МузыкаНе взлетим, так поплаваем: 20 лет первому альбому Земфиры
Чем важен дебют Земфиры и почему она сама его недолюбливает
дмитрий куркин
Переслушивать дебютный альбом Земфиры двадцать лет спустя — всё равно что доставать капсулу времени. Доставать не из ностальгии по поздним девяностым и не потому что песни из него могли стереться из памяти: на радио, которое в год выхода пластинки было куда большей силой, чем сегодня, эти песни звучали так часто, что изолироваться от них не удалось бы и в ядерном бункере. Хорошая капсула времени сохраняет приметы будущего, и таких примет в альбоме сколько угодно. Если эпоха Земфиры и «Мумий Тролля» и правда закончилась, то она как минимум была и с чего-то начиналась. И одной из отправных точек, конечно же, была «Земфира».
Сейчас, на лестнице, ясно, что это был не столько Большой Дебют, сколько игра в пустяки, песни, написанные в перерывах, перелётах и на больничной койке и записанные если не на коленках, то уж точно на лету, за каких-то полторы недели. Если верить апокрифу, продюсер Леонид Бурлаков принял песню «СПИД» за автобиографическую и решил записать альбом, пока не стало поздно (строчки, однозначно уравнивающие иммунный дефицит со смертью, сегодня звучат сомнительно, но двадцать лет назад такой знак тождества казался чем-то очевидным). Подобной спешки Земфира, жаждавшая поскорее перепрыгнуть ко второму альбому, себе позволять больше не будет. Спонтанная небрежность, просвечивающая в «маечках» и «припевочках», уступит место перфекционизму: охота за отточенным совершенством не терпит поблажек и игривых уменьшительных суффиксов.
Может быть, поэтому почти всеобщий восторженный приём альбома удивил в первую очередь саму певицу. И может быть, поэтому её будет так раздражать коронование «новых Земфир». У этого титула длинная история, ещё до скандала имени Монеточки и Гречки им кого только не награждали, но награждая, чаще всего имели в виду не «Вендетту», не «Спасибо» и даже не «П.М.М.Л.», а именно что первый альбом.

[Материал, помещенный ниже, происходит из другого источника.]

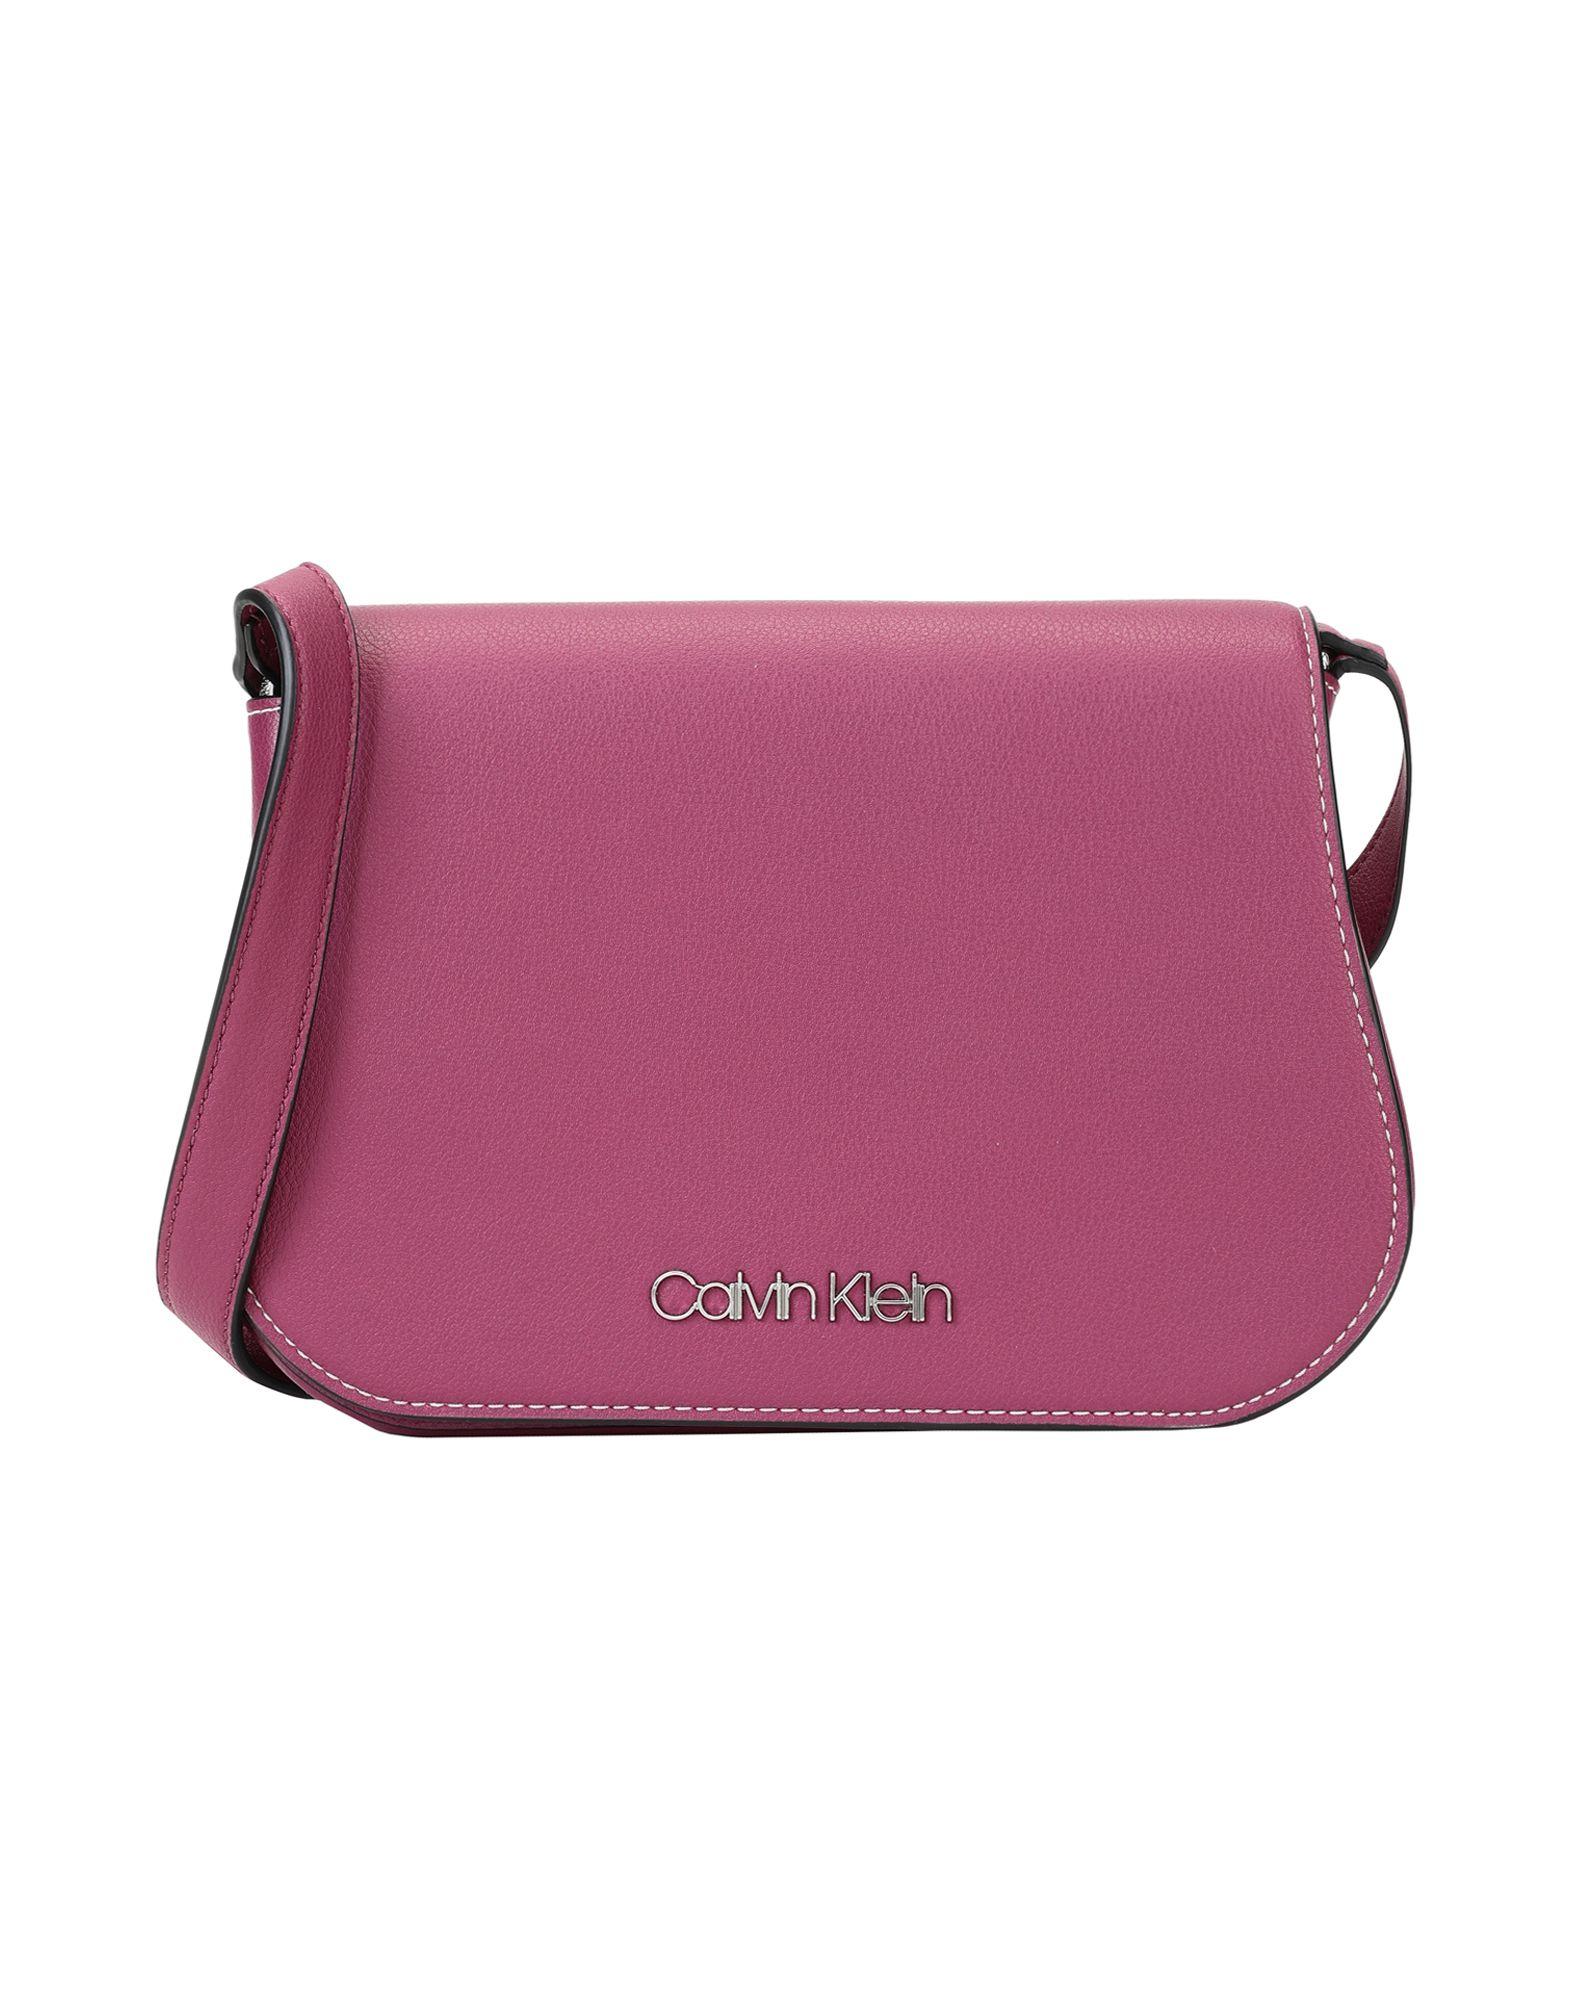 b6a4f43223 Τσάντα Ταχυδρόμου Calvin Klein Γυναίκα - Τσάντες Ταχυδρόμου Calvin Klein  στο YOOX - 45451946IE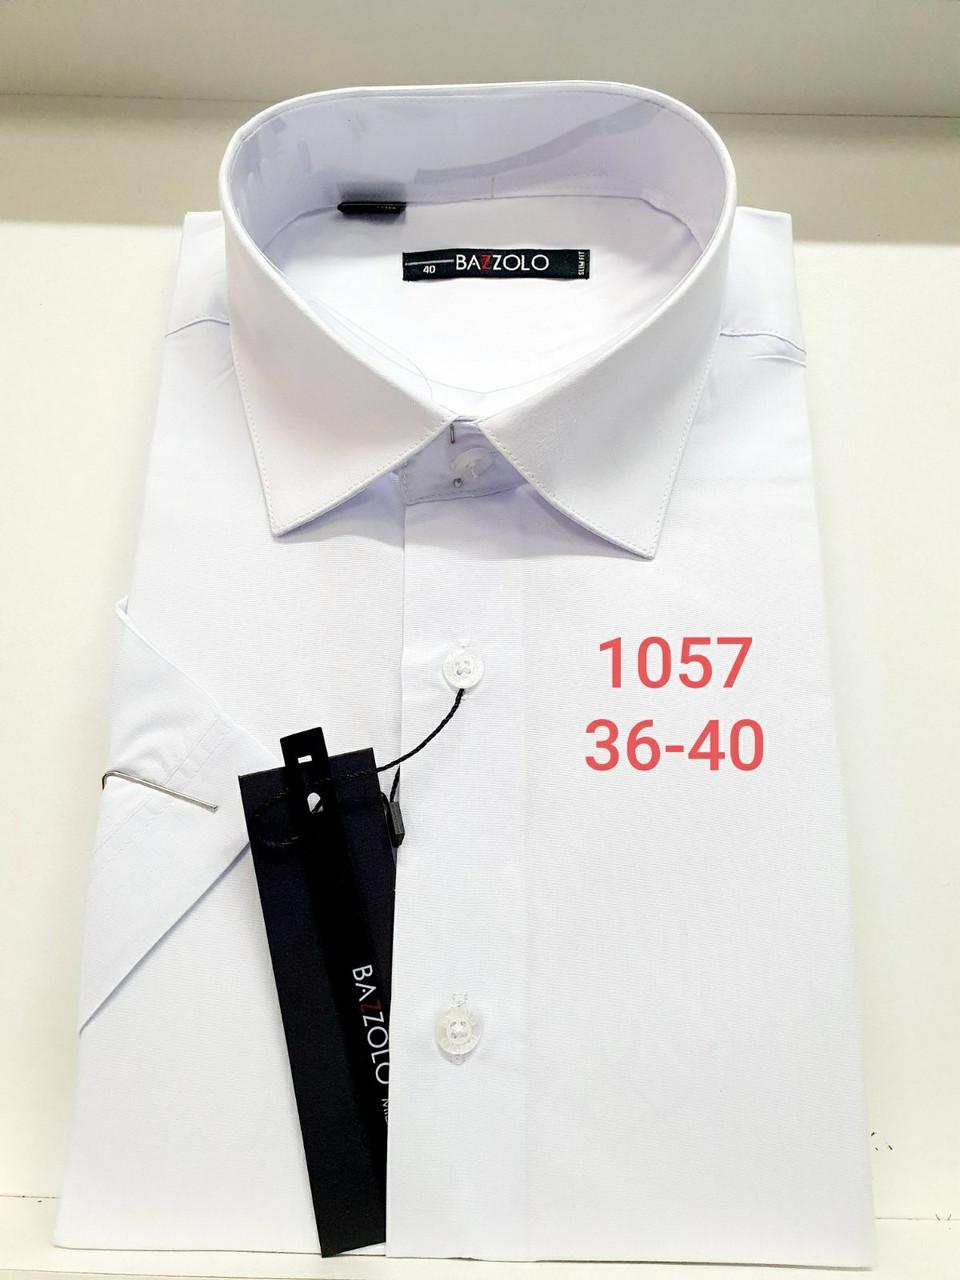 Однотонная белая рубашка с коротким рукавом Bazzolo 1057

Речь шла, разумеется, не о несуществующих аранжировках, а о текстах — достаточно личных, чтобы увидеть за ним фигуру автора, и достаточно неконкретных, расчерченных размашистыми мазками, чтобы слушатели могли примерить их на самих себя. Речь шла о панчлайнах, которые по тем временам казались хлёсткими, дерзкими, наглыми (певица, впрочем, предпочла эпитет «мудаковатый», что тоже показательно: где-то здесь начинается трещина между запросами публики и восприятием и амбициями самой артистки).
Попытки вырастить «новую Земфиру» на полном серьёзе выглядели настолько натужными и заведомо обречёнными
При всех сравнениях тогдашняя Земфира всё равно не раскладывалась на простую сумму слагаемых (Жанна Агузарова + Аланис Мориссетт + «Мумий Тролль») и выглядела одновременно и аномалией, и проводницей большого стиля — большего, чем просто образ, саунд или словесные изыски. Её «первый блин комом» был пробивным и бесшабашным, как юность, не знающая берегов, не спрашивающая разрешения и ни перед кем не отчитывающаяся. Яркой вспышкой, которую можно только успеть поймать в объектив, но нельзя законсервировать. Потому-то попытки вырастить «новую Земфиру» на полном серьёзе выглядели настолько натужными и заведомо обречёнными. Потому-то и сама артистка не горела желанием надолго застревать на этой стадии: ещё год-два, и так до конца жизни пришлось бы оставаться «девочкой-скандалом» — перспектива так себе.
Известный спекулятивный приём — «а что было бы, выйди альбом не двадцать лет назад?» — не очень применим. Слишком изменилась на этом отрезке оптика для оценки местной музыки, и какой ракурс ни возьми — русский рок, женский рок, поп-музыка, — с пластинкой, обложка которой напоминает обёрточную бумагу с наивной подписью «на память», всё равно придётся считаться: не будь альбома — и не будь он именно таким, каким угодил в плейлисты, — и оптика была бы другой, и эпоха называлась бы как-нибудь иначе.